A methodology document for sustainability practitioners. Each section explains what TSK does today, names the source-of-truth code path, and calls out honest limits.

What TSK produces

TSK turns a supplier's uploaded evidence into structured truth once, then renders it two ways. The extraction, confidence, factor, scope, verification, and chain-of-custody methods described below apply to both modes — they describe how a value becomes trustworthy, regardless of where it is surfaced.

Mode 1 — Questionnaire help(the launch focus)

Helps a supplier answer every question in a sustainability questionnaire (CDP, EcoVadis, GRI Universal, or a buyer's custom ask).
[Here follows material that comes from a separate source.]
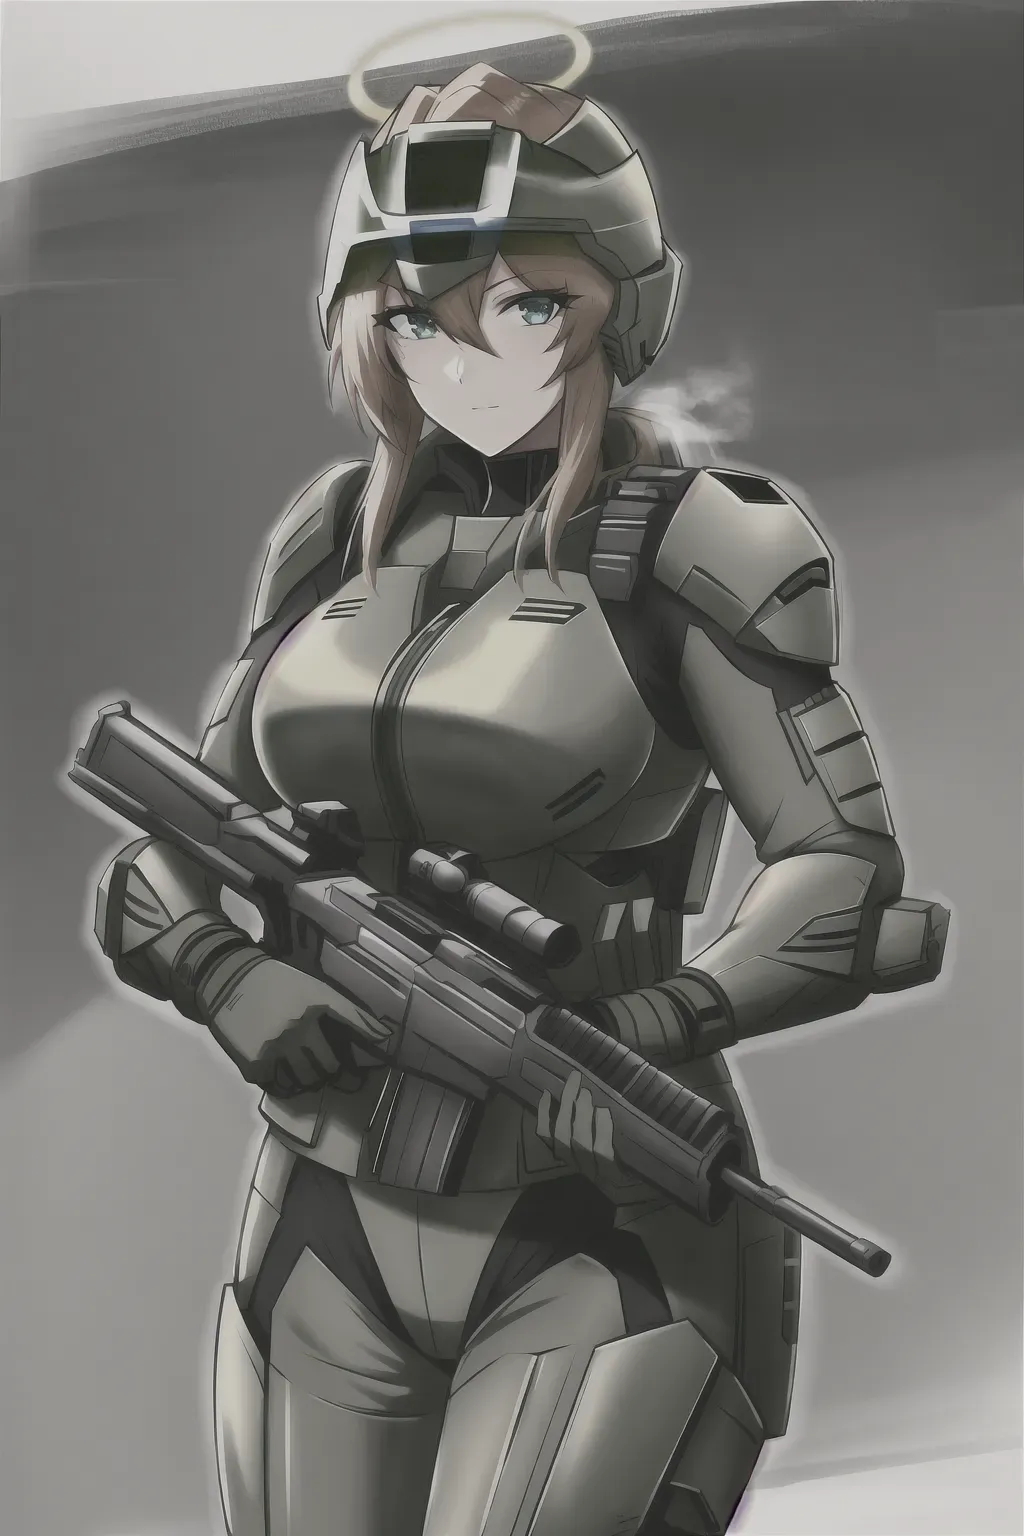 Steam Műhely::Tactical Operator Anime Girl - Animated Wallpaper

Each answer is either auto-extracted from uploaded evidence with page-level provenance, or surfaced for the supplier to confirm, edit, or self-declare — with full edit history and an attribution tag showing where the answer came from.

Mode 2 — Automated framework export(partial coverage)

Renders the confirmed evidence into structured disclosure files for a defined subset of standards: CDP Climate XML (3 of 13 modules, ~23%), GRI 300-series CSV (6 of 31 disclosures, ~19%), and a PACT JSON envelope (organisation-level summary, not a product-level PCF). Honest and present, but not the launch story — the roadmap states exactly what each export does and does not cover.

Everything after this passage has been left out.